→ Problem to work on
Each line between the one holding "SBI Personal Loan EMI Calculator" and the end of the material below, both included, is to be transcribed word for word, with pictures left out.

[[ Exercise data open ]]

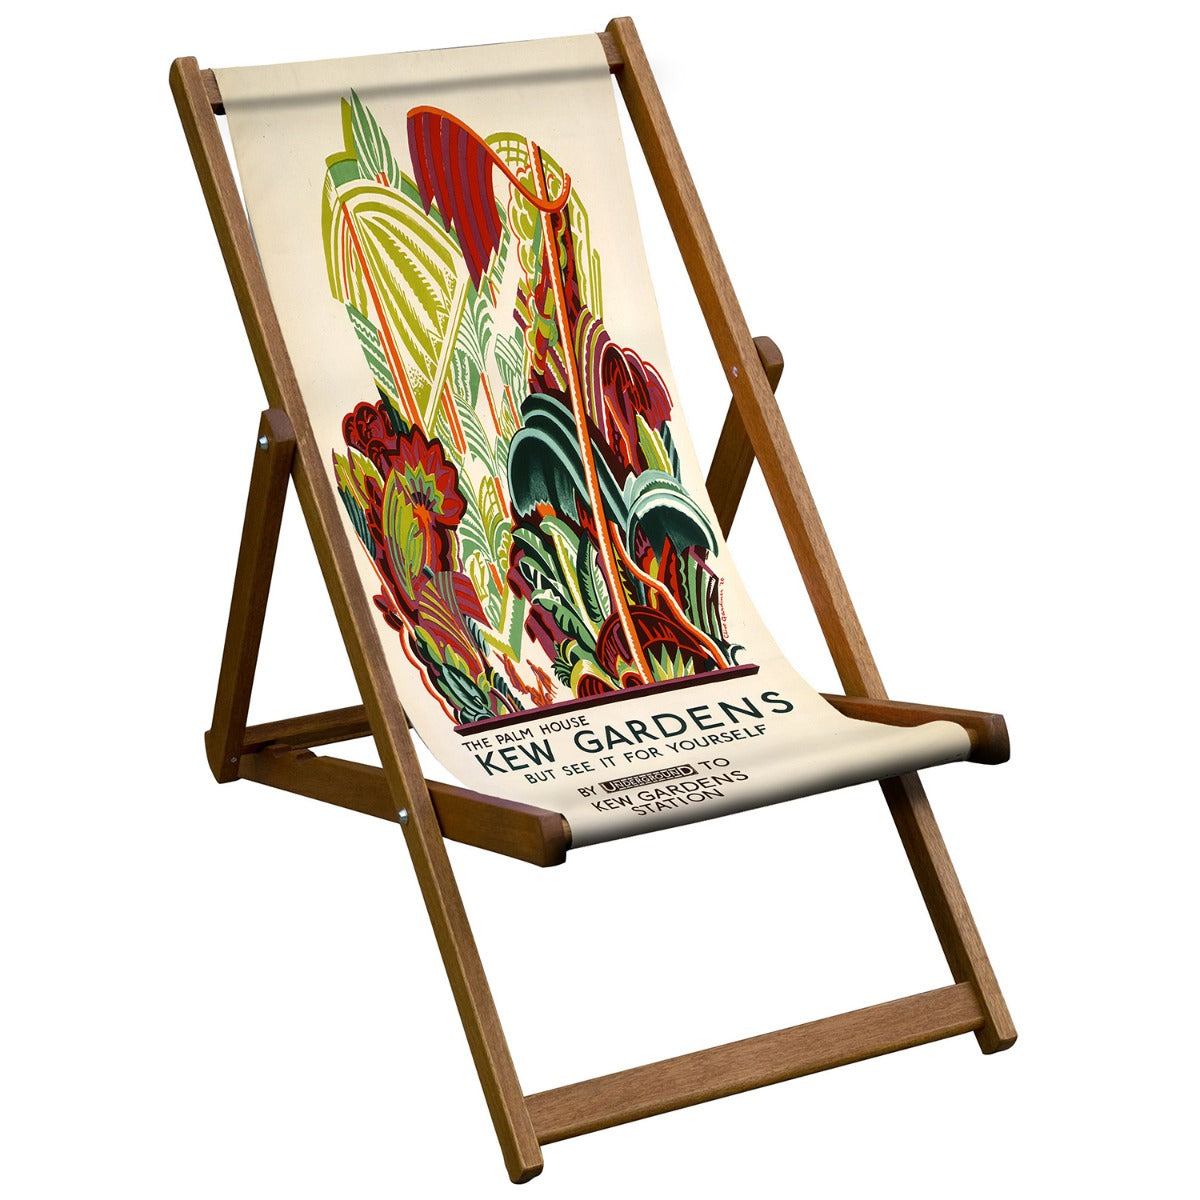 Vintage Inspired Wooden Deckchair- Palm House Kew Gardens- London Transport Poster
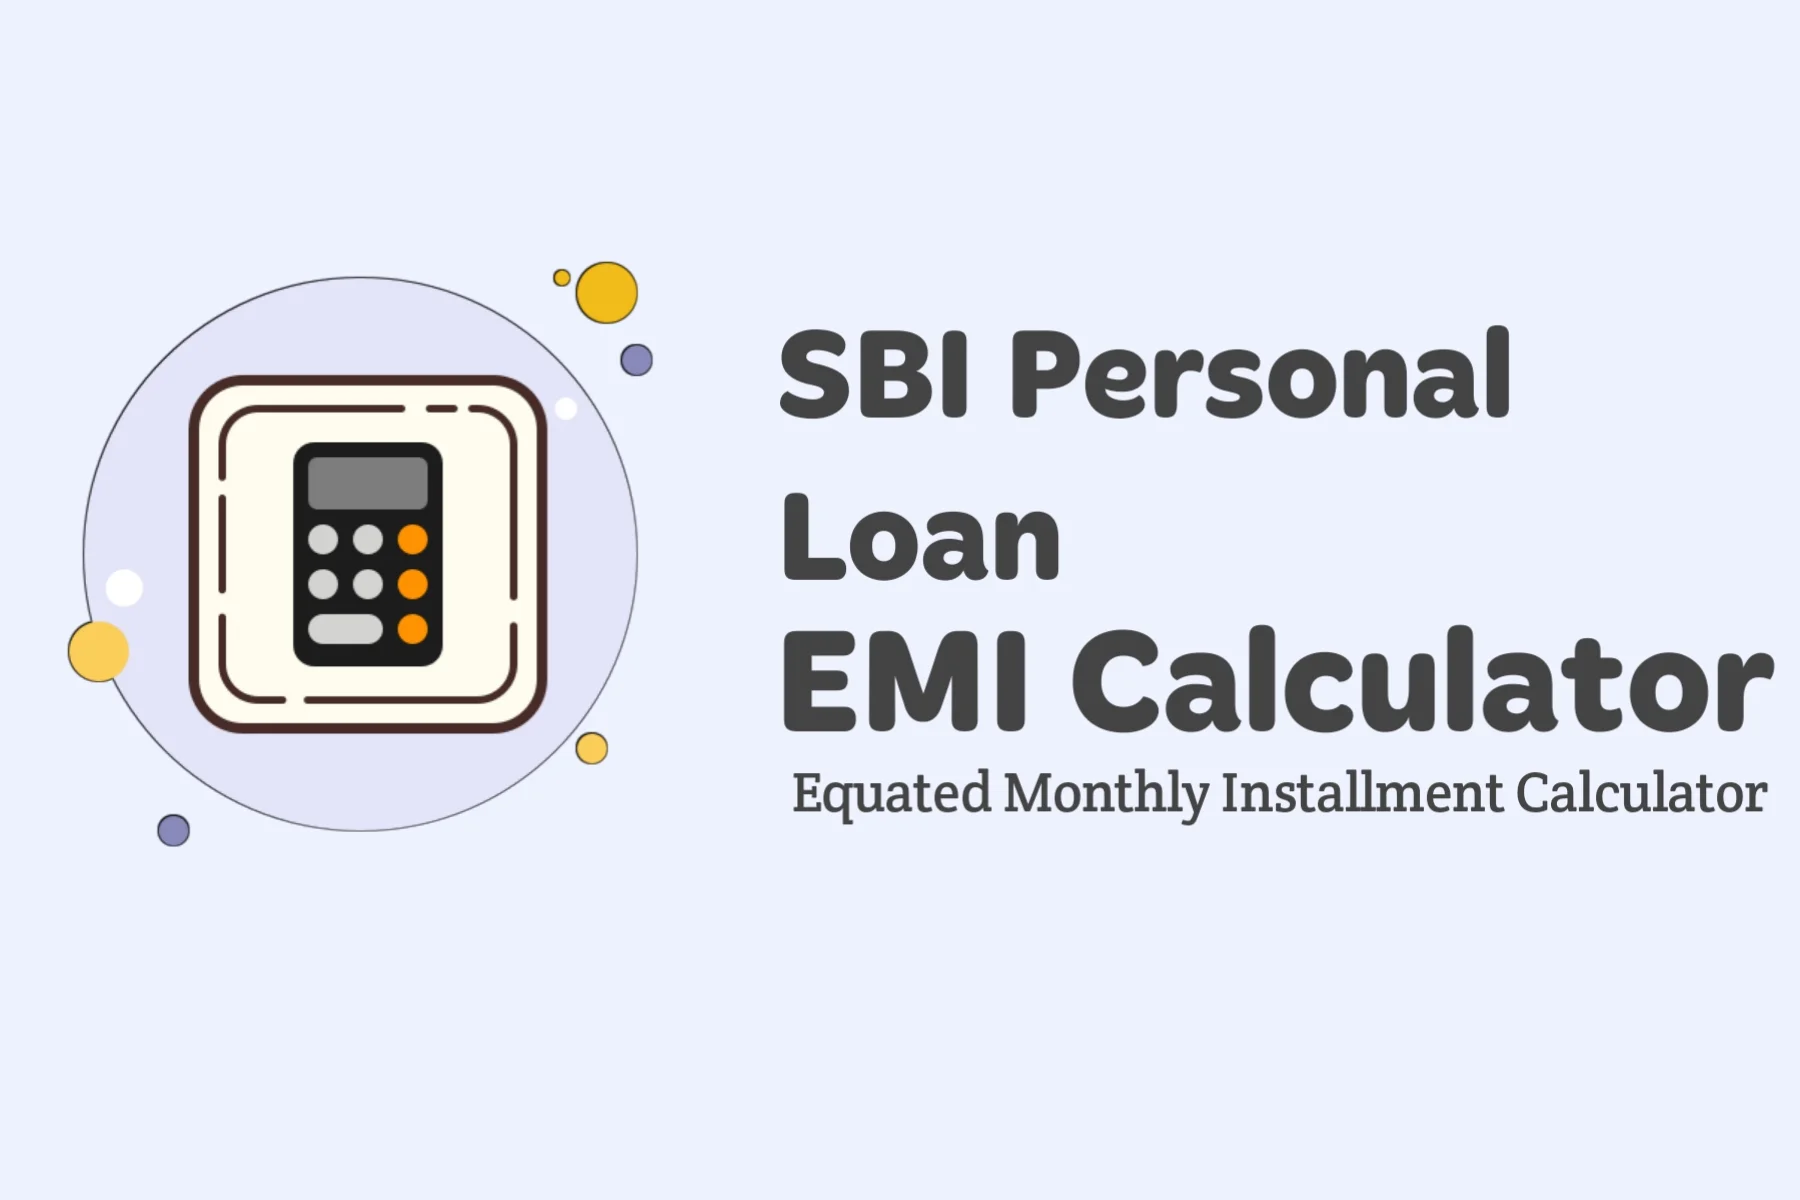 SBI Personal Loan EMI Calculator
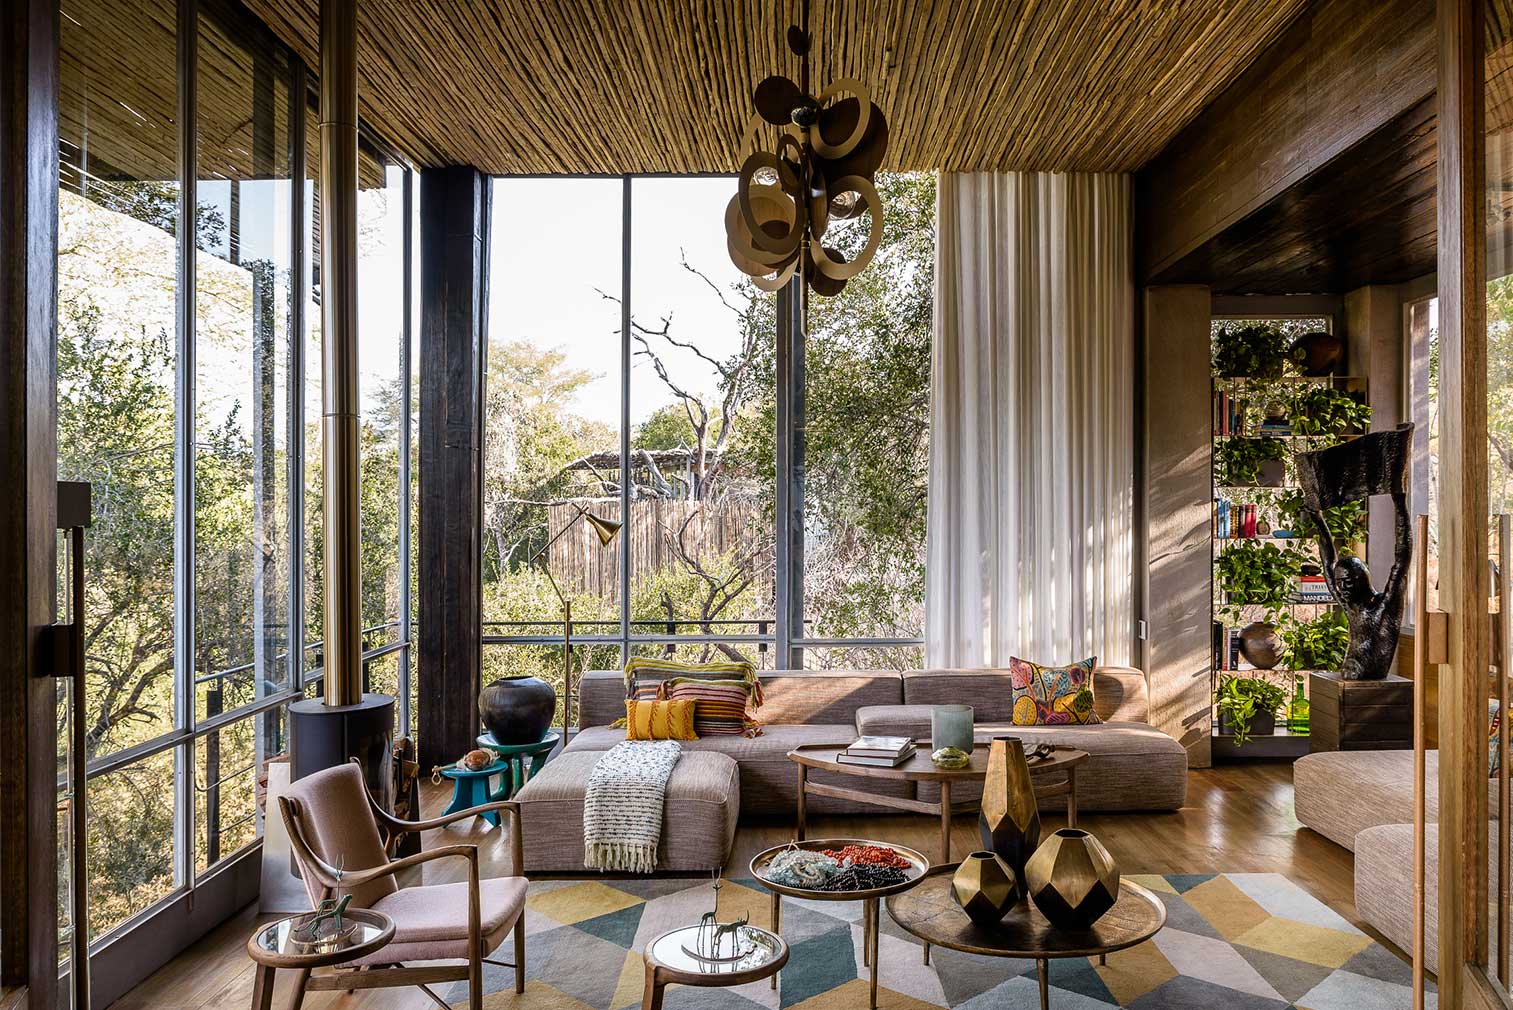 Singita Sweni safari lodge in South Africa, designed by Cecile and Boyd

[[ Exercise data closed ]]

→ Solution
 SBI Personal Loan EMI Calculator
 Singita Sweni safari lodge in South Africa, designed by Cecile and Boyd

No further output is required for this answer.